Mehdi Mohsen Nejad

Personal information
- Native name: مهدی سیف الله محسن نژاد
- Full name: Mehdi Seifollah Mohsen Nejad
- Born: 9 December 1998 (age 27) Behbahan, Iran
- Height: 1.60 m (5 ft 3 in)
- Weight: 60 kg (132 lb)

Sport
- Country: Iran
- Sport: Greco-Roman
- Event: 60 kg

Medal record
Men's Greco-Roman wrestling
Representing Iran
Asian Championships
| Silver medal – second place | 2021 Almaty | 60 kg |
| Silver medal – second place | 2022 Ulaanbaatar | 60 kg |
| Bronze medal – third place | 2020 New Delhi | 60 kg |
World Cup
| Gold medal – first place | 2022 Baku | Team |
Vehbi Emre & Hamit Kaplan Tournament
| Bronze medal – third place | 2019 Istanbul | 60 kg |
Grand Prix
| Gold medal – first place | 2020 Shiraz | 60 kg |
| Gold medal – first place | 2023 Zagreb | 60 kg |
| Silver medal – second place | 2024 Budapest | 60 kg |
| Bronze medal – third place | 2023 Bishkek | 60 kg |
| Bronze medal – third place | 2025 Tirana | 63 kg |
World U23 Championships
| Silver medal – second place | 2021 Belgrade | 60 kg |
| Bronze medal – third place | 2018 Bucharest | 60 kg |
| Bronze medal – third place | 2019 Budapest | 60 kg |
Asian U23 Championship
| Bronze medal – third place | 2019 Ulaanbaatar | 60 kg |

= Mehdi Mohsennejad =

Iranian Greco-Roman wrestler (born 1998)

Mehdi Seifollah Mohsen Nejad (مهدی سیف الله محسن نژاد; born 9 December 1998) is an Iranian Greco-Roman wrestler competing in the 60 kg division.

== Career ==
In November 2018, in Bucharest, defeating Armenian Armen Melikyan, he won a bronze medal at the World Under-23 Championships. A year later in Budapest at the Under-23 World Championships he again won the bronze medal, this time defeating Krisztian Kecskemeti of Hungary in the fight for third place.

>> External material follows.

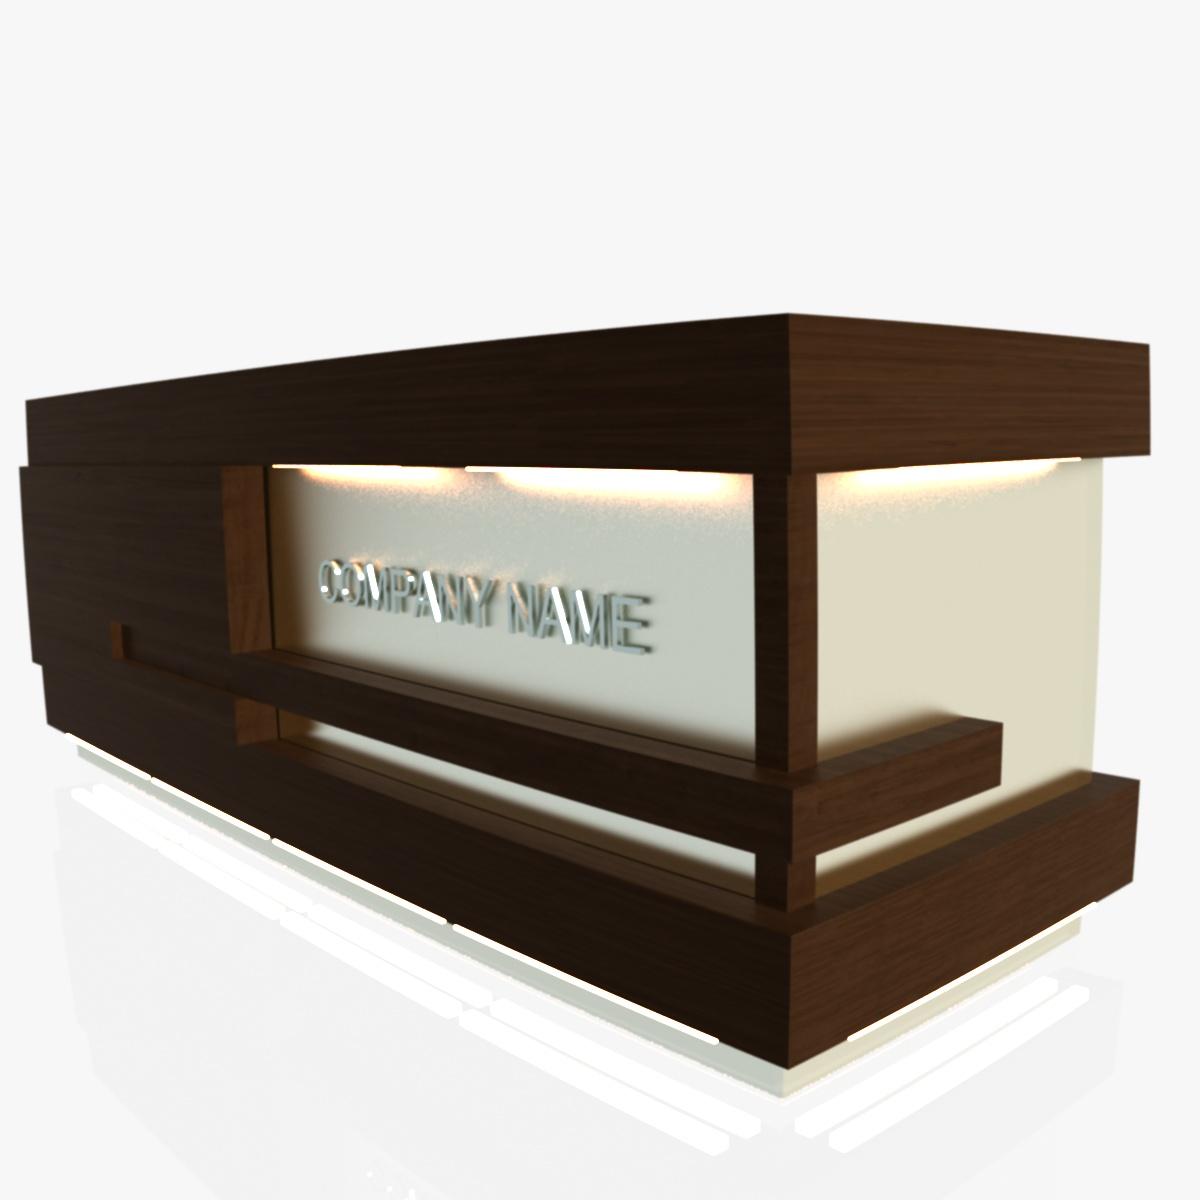 Reception Desk 1 3d model 3ds max dxf fbx  obj 219847

Mohsennejad won his first medal at a major international competition on 19 February 2020 in New Delhi at the Asian Championships, defeating Kazakhstan's Aidos Sultangali in the 3rd place bout, becoming the bronze medallist. In April 2021, in Alma-Ata, he faced Aydos Sultangali in the final of the Asian Championships, this time he lost, winning the silver medal.

On 20 April 2022, in Ulan Bator at the Asian Championships, he reached the final, in which he lost to Zholaman Sharshenbekov from Kyrgyzstan, becoming the silver medallist.

On 22 September 2023, he lost to Zholoman Sharshenbekov in the semifinals of the World Championship in Belgrade, the next day he lost to Islomzhon Bakhromov of Uzbekistan in the fight for the bronze medal, but in the bout for the Olympic licence he defeated Gevorg Garibyan of Armenia.